Data under study —
+ + +

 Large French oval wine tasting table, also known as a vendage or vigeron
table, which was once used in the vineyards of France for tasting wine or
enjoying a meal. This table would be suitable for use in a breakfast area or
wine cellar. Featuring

+ + +

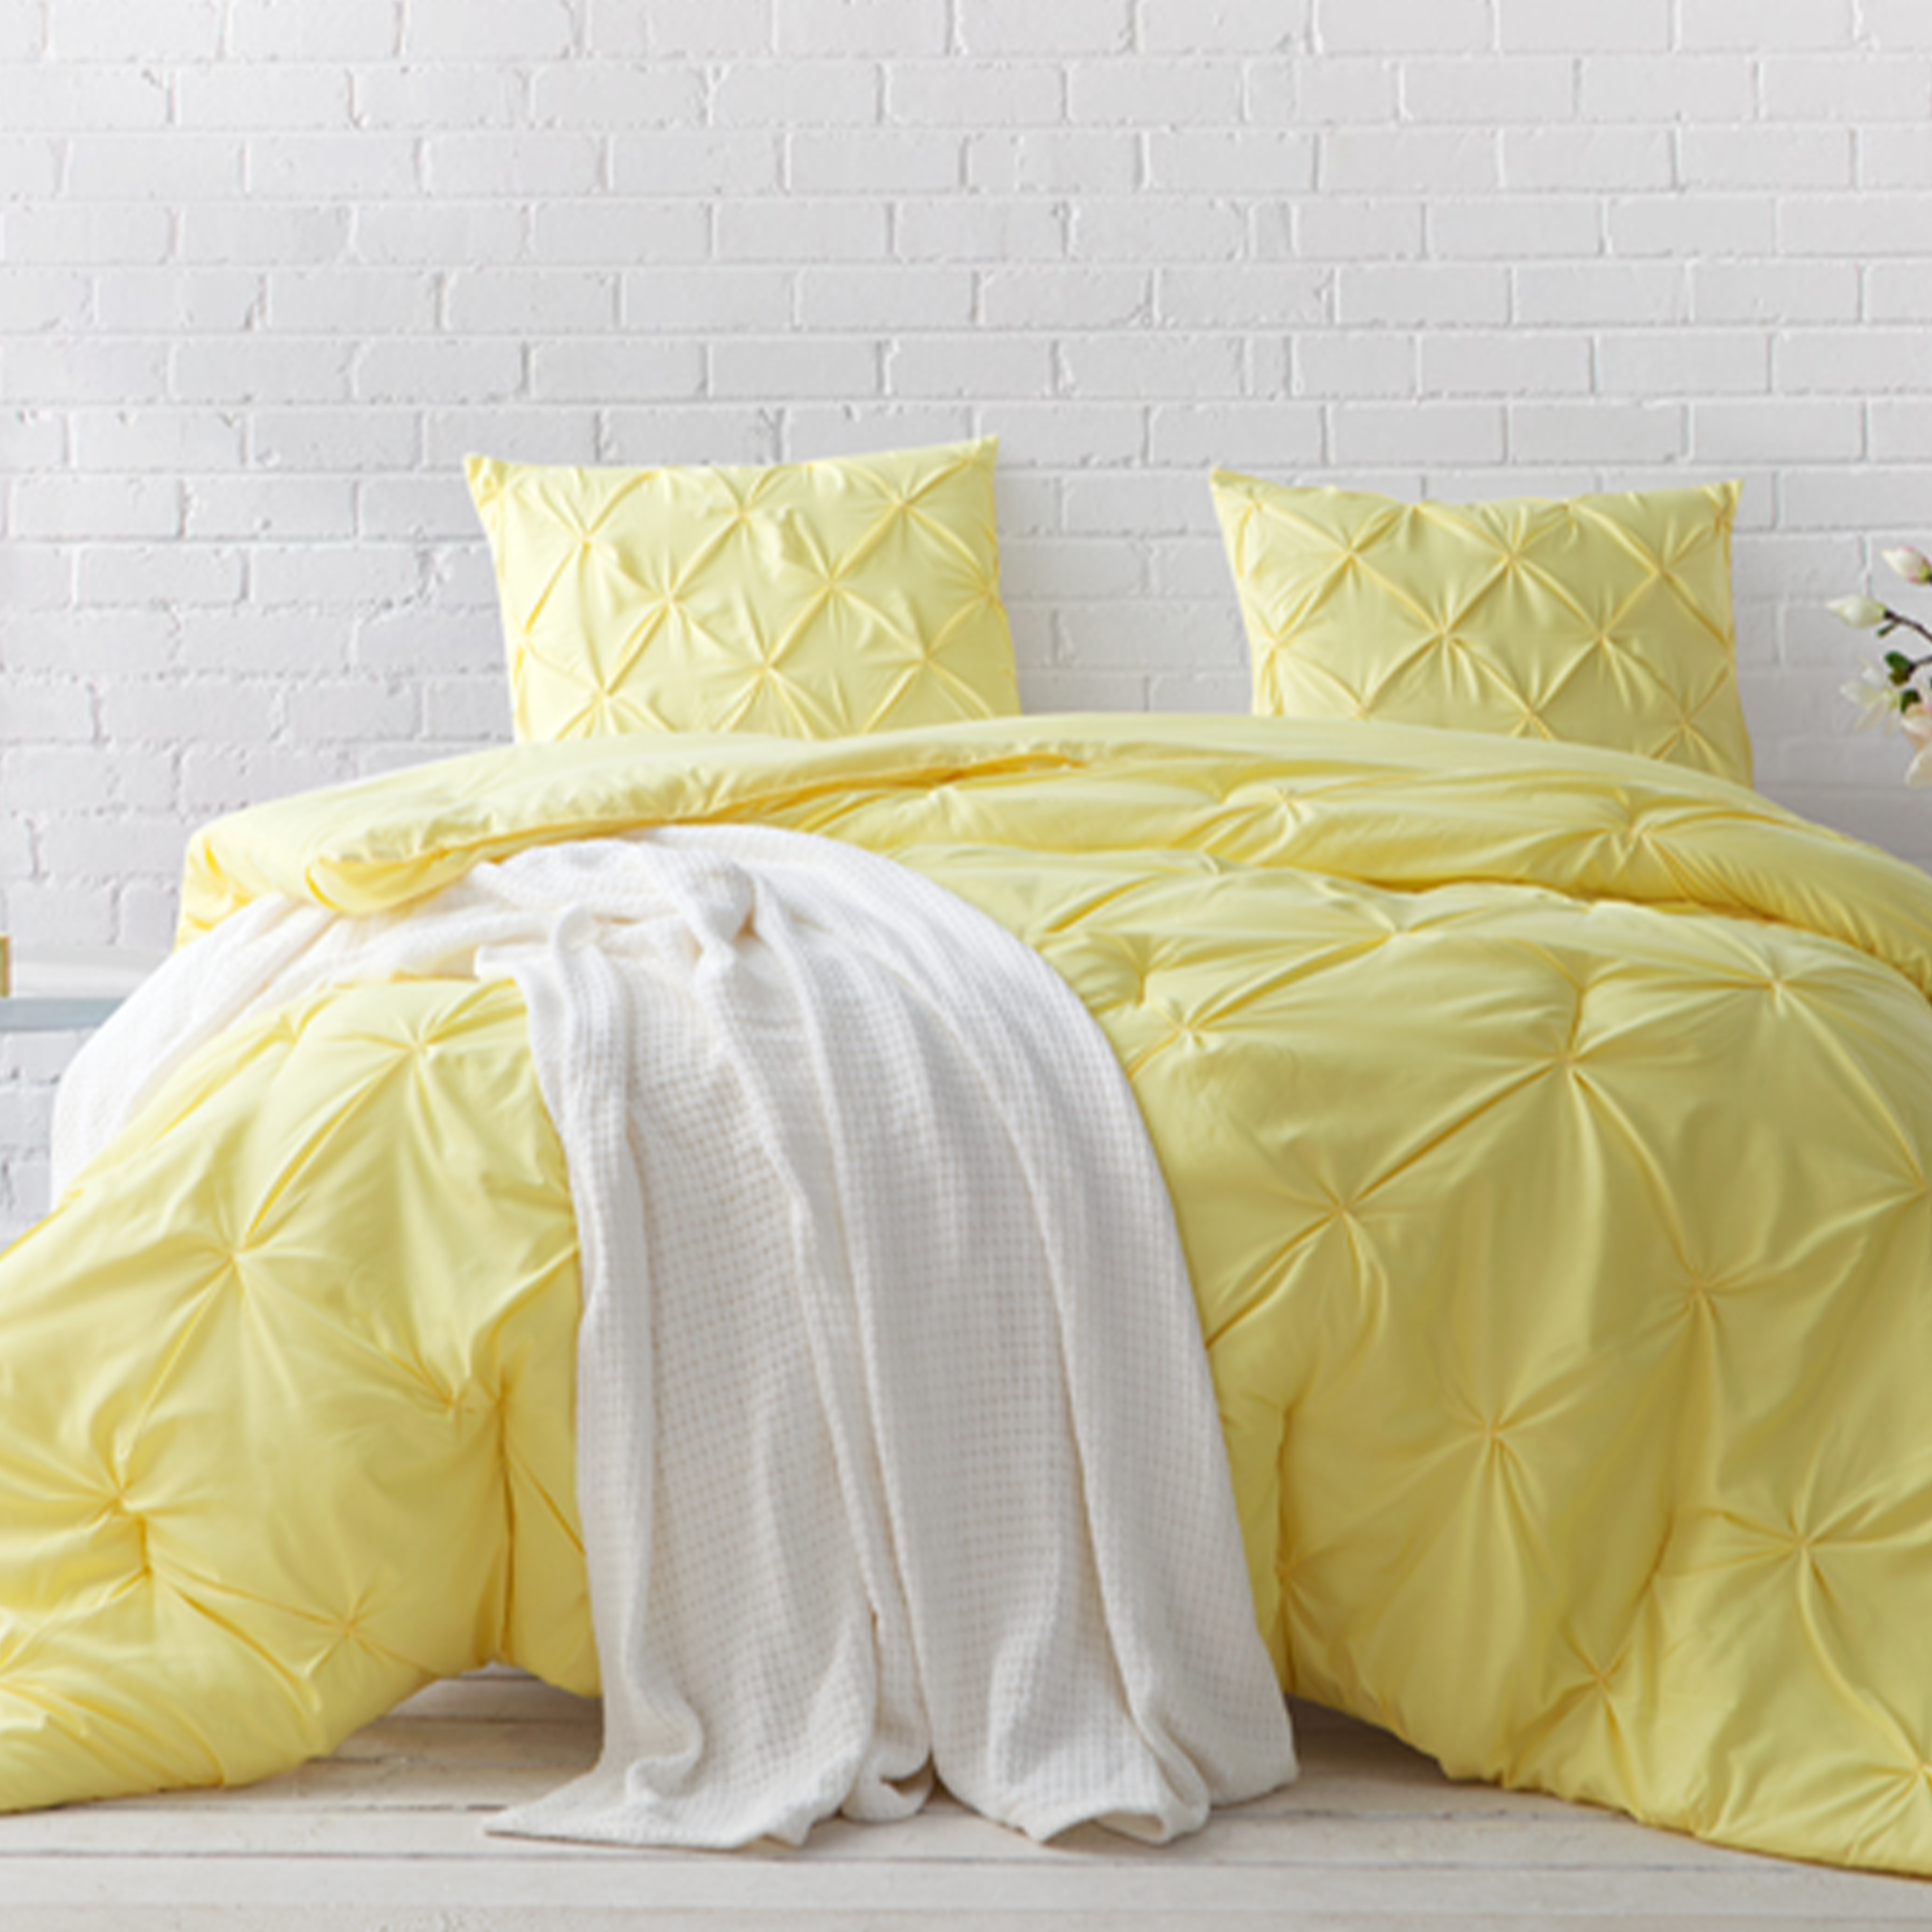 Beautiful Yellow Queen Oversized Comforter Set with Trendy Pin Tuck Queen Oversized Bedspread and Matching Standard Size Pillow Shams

+ + +

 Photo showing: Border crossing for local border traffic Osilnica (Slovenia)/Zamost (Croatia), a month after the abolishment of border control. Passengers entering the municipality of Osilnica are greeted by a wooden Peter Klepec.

+ + +

Problem statement —
In the entries above, one line contains "Large French oval" and another contains "wine cellar. Featuring". Reproduce exactly those two lines and the lines between them, nothing else.

Reply —
 Large French oval wine tasting table, also known as a vendage or vigeron
table, which was once used in the vineyards of France for tasting wine or
enjoying a meal. This table would be suitable for use in a breakfast area or
wine cellar. Featuring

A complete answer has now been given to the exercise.